Em seguida, no capítulo 20, Biagio relata uma viagem que fez a Paris, onde foi convidado para uma festa em homenagem a Voltaire. Ele diz que sempre evitou falar quem era o irmão por causa das provocações que sofria...

“…Mas eu disse isso em voz alta quando fui convidado para uma recepção em Paris em homenagem a Voltaire. O velho filósofo estava sentado em sua cadeira, mimado por uma multidão de damas, alegre como um pássaro e travesso como um porco-espinho. Quando soube que vinha da Penúmbria, apostrofizou para mim:

– C’est chez vous, mon cher chevalier, qu’il y a ce fameux philosophe qui vit sur les arbres comme un singe? [É em sua terra, meu caro cavaleiro, que tem o famoso filósofo que vive sobre as árvores como um macaco?]

E eu, lisonjeado, não pude me conter ao lhe responder:

– C’est mon frère, monsieur, le baron de Rondeau. [É meu irmão, senhor, o barão de Rondó]

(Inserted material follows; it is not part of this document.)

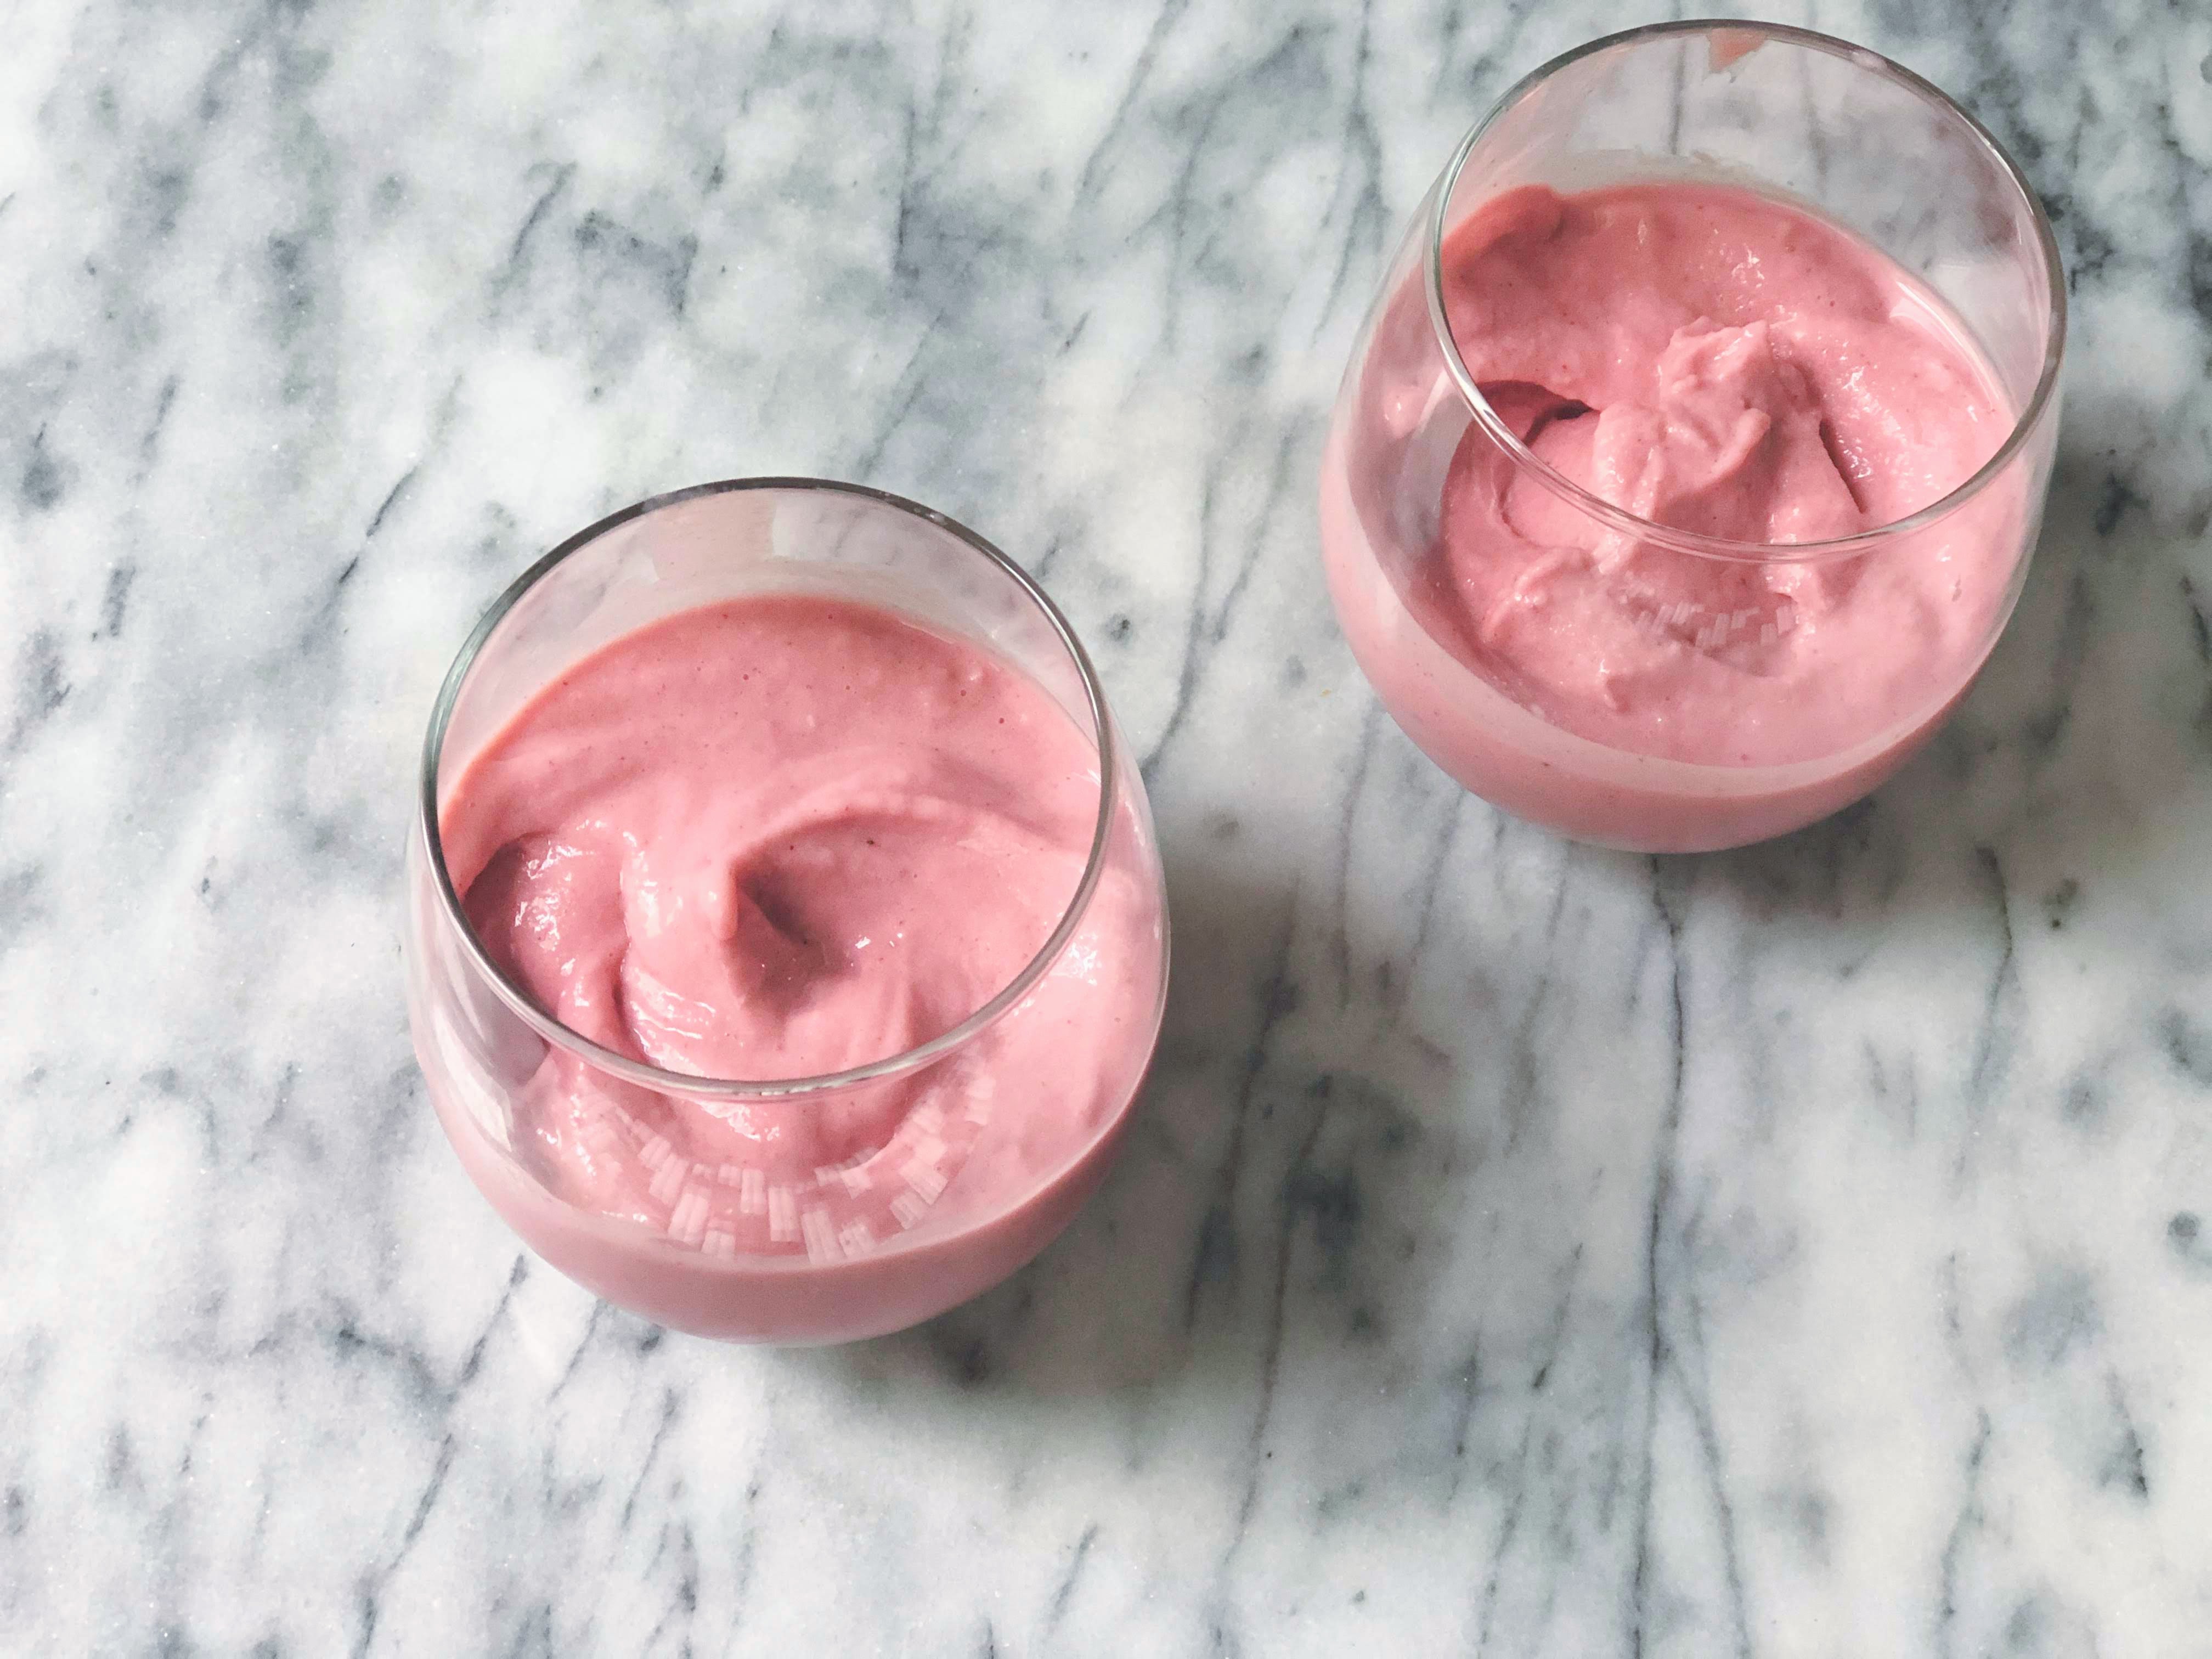 strawberry soft serve ice cream in 2 glasses

Voltaire ficou muito surpreso, talez pelo fato de que o irmão daquele fenômeno parecesse uma pessoa tão normal, e se pôs a fazer-me perguntas, como:

– Mais c’est pour approcher du ciel, que votre frère reste là-haut? [Mas é para se aproximar do céu, que seu irmão fica lá no alto?]

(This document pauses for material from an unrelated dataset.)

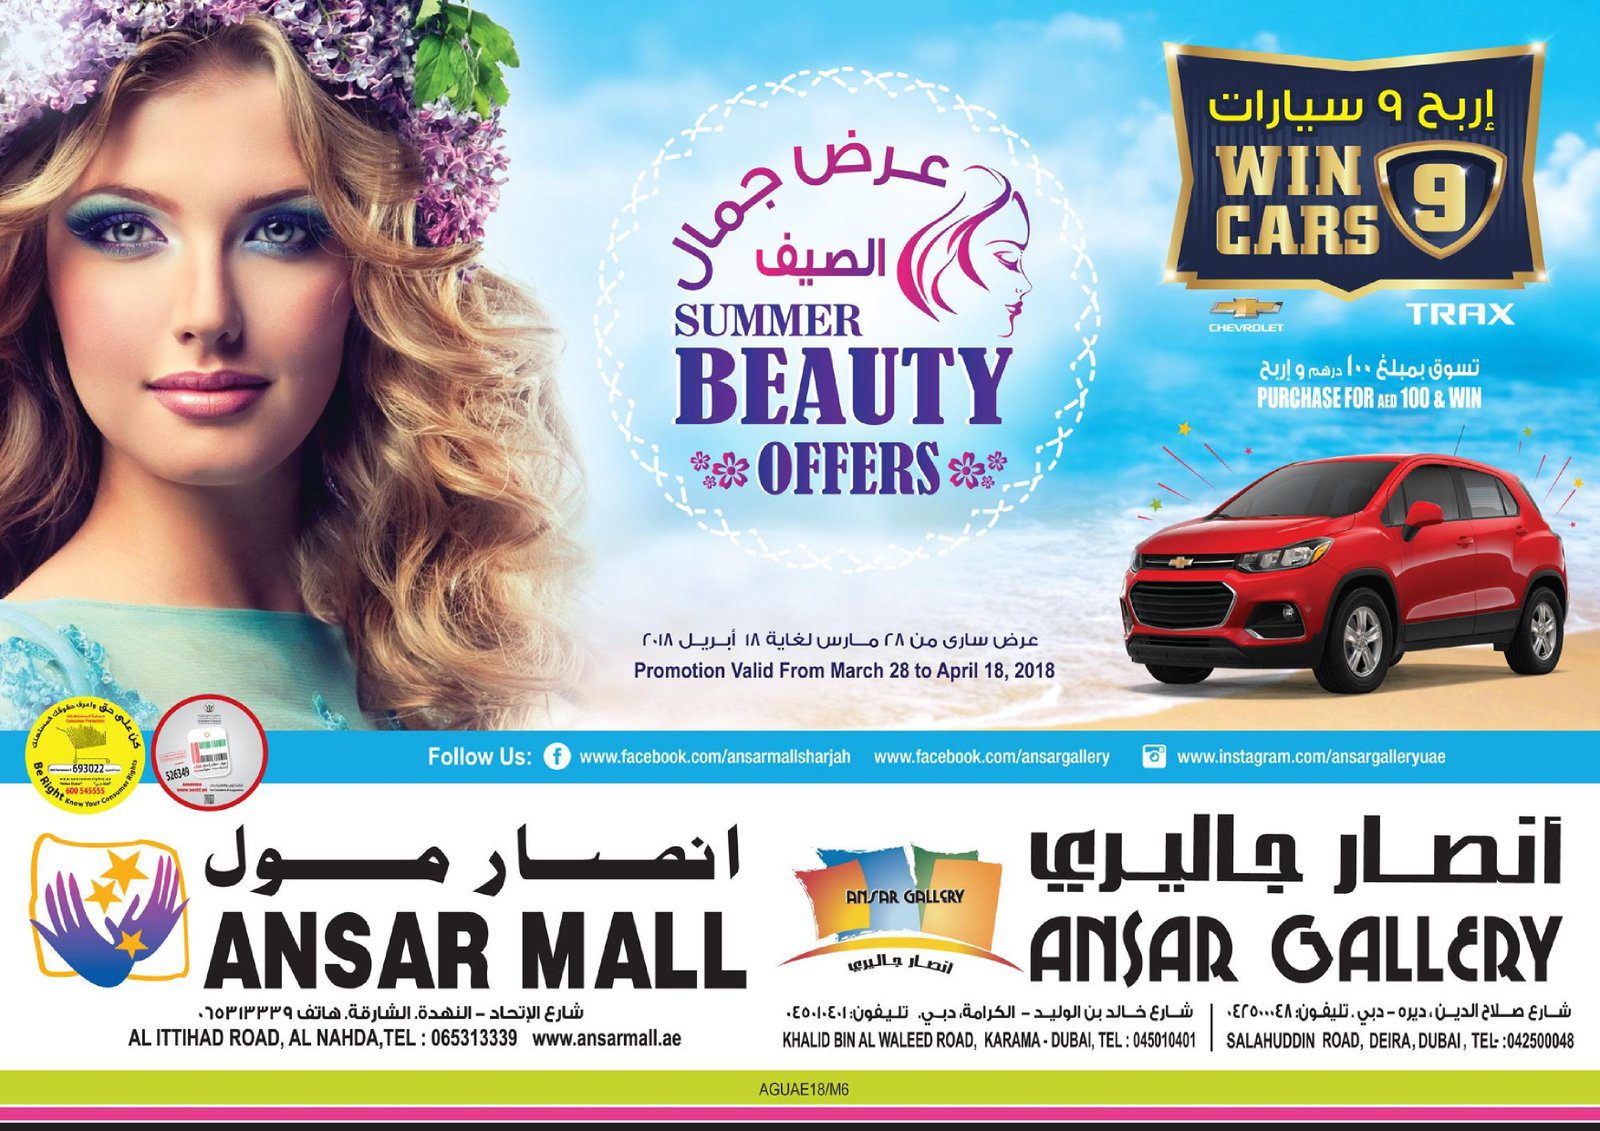 Ansar Mall Ansar Gallery Offer

– Meu irmão afirma – respondi – que aquele que pretende observar bem a terra deve manter a necessária distância. – E Voltaire apreciou muito a resposta.

– Jadis, c’était seulement la Nature qui créait des phénomènes vivants – concluiu –; maintenant c’est la Raison. [Antes, era somente a Natureza quem criava fenômenos vivos; agora é a Razão] – E o velho sábio mergulhou de novo na conversa das suas hipócritas teístas” (pp. 157-158).

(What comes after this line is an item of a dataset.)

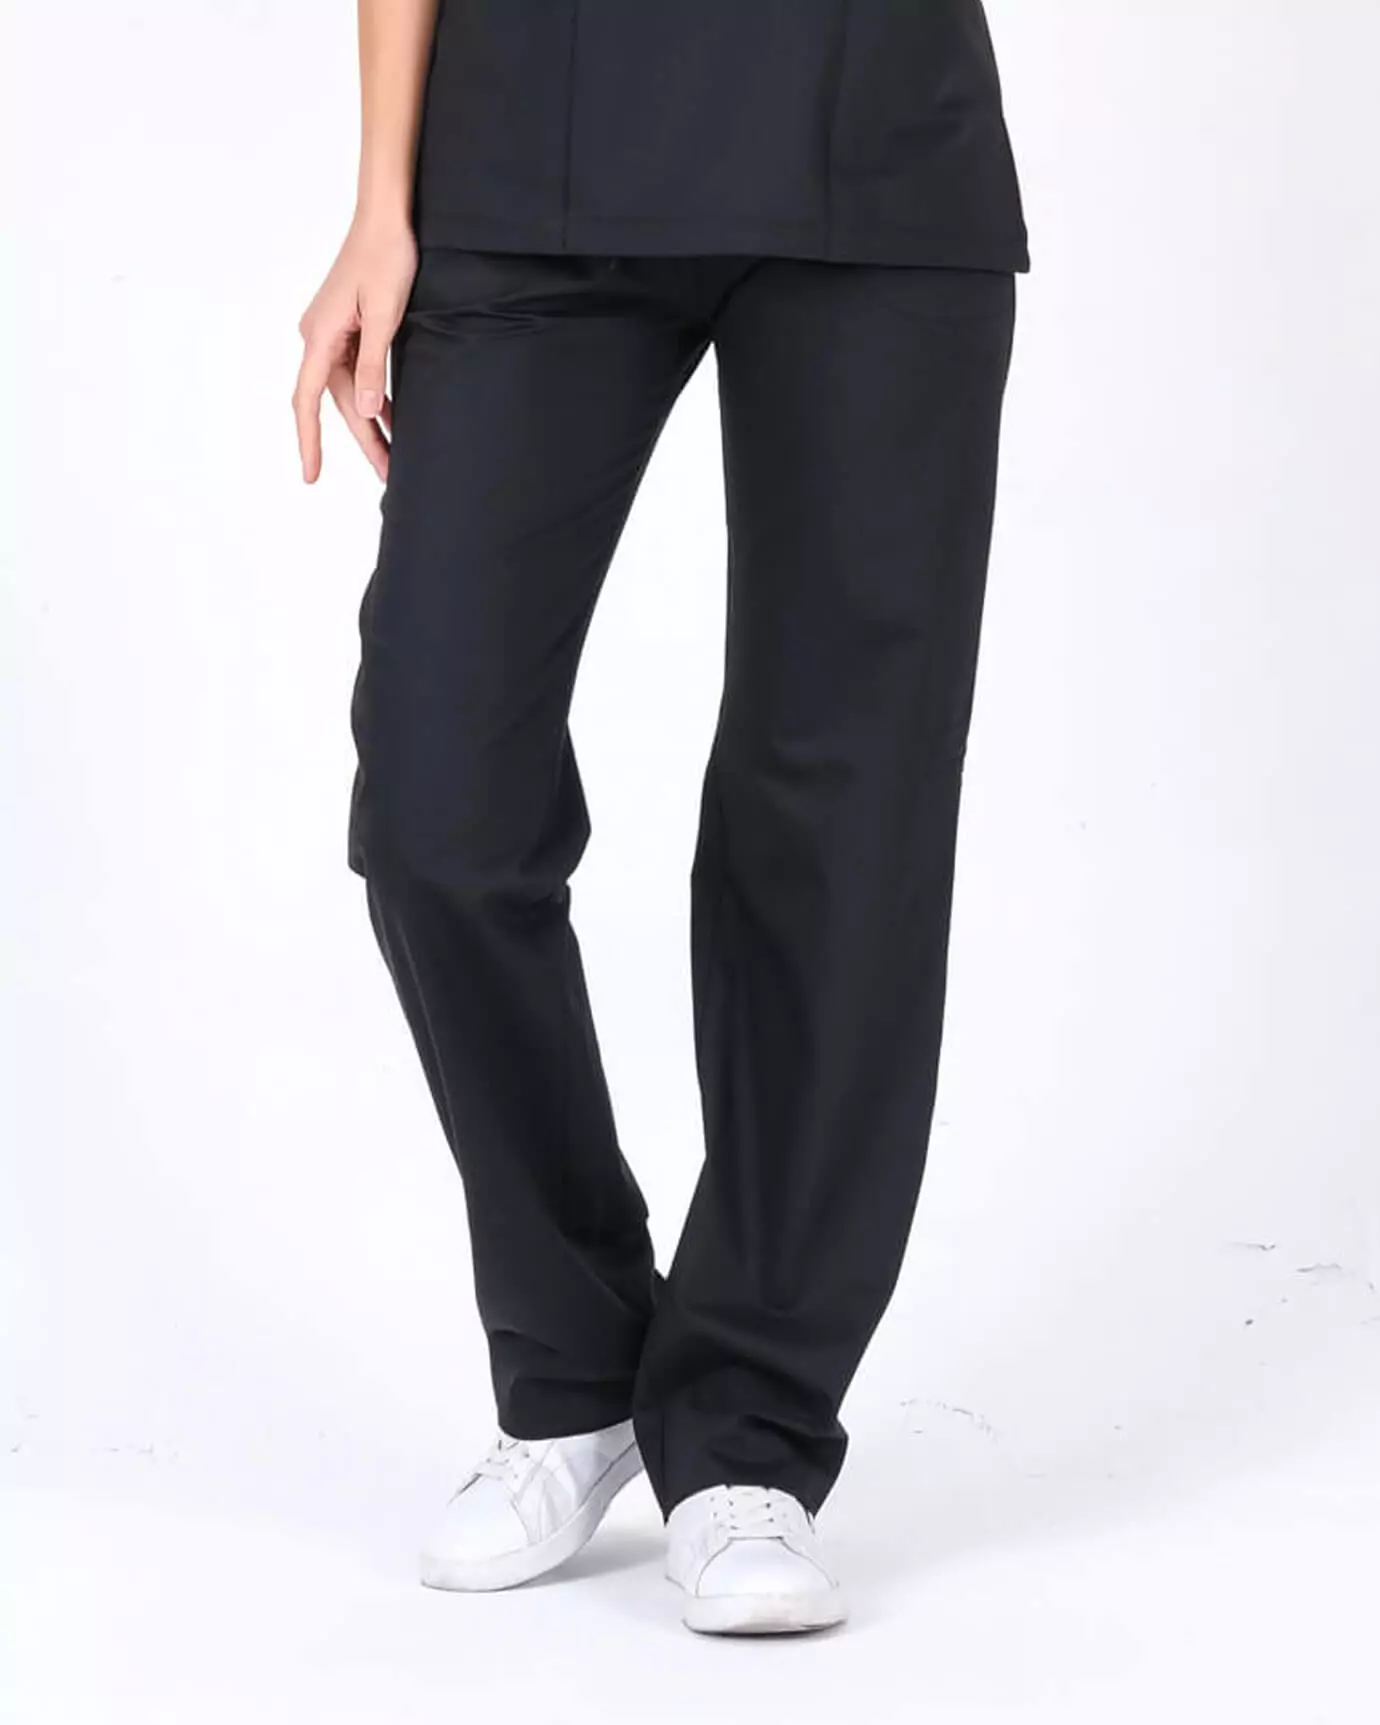 Kadın Hemşire Forması Premium Siyah Pantolon

O episódio brinca com as recepções realizadas nos palácios parisienses, frequentemente frequentadas por figuras como Voltaire. Houve leituras de obras, interpretações de peças musicais e teatrais, cortejo de moças e muita comida e bebida. Mesmo nesses lugares as idéias mais recentes foram discutidas, como Voltaire faz nesta passagem, quando faz uma pequena observação sobre a criação da Razão, que substitui a Natureza. Aqui vale lembrar a ideia de que uma pessoa nasce no século XVIII (essa ideia é de Michel Foucault e está em Les mots et les choice [Palavras e Coisas]), ou seja, é nesse momento que um ser vê a si mesmo como pessoa, como um ser diferente dos outros seres, ou seja, dotado de Razão (é uma ideia que surge já naquele período do Renascimento, na Itália, mas permanece pouco desenvolvida até o Iluminismo).

Depois houve episódios da Revolução Francesa, que o barão das árvores decidiu apoiar. Ele conhece os soldados de Napoleão e depois os soldados russos, que seguiram os passos do exército ocidental derrotado pelo frio da Rússia e recuaram.

Cosimo passou por outras aventuras como combate a piratas e incêndios. Foi declarado bobo e filósofo... Também se apaixonou, mas só quem já leu o livro saberá dessa parte, pois uma das partes mais tocantes não pode faltar nessa simples resenha.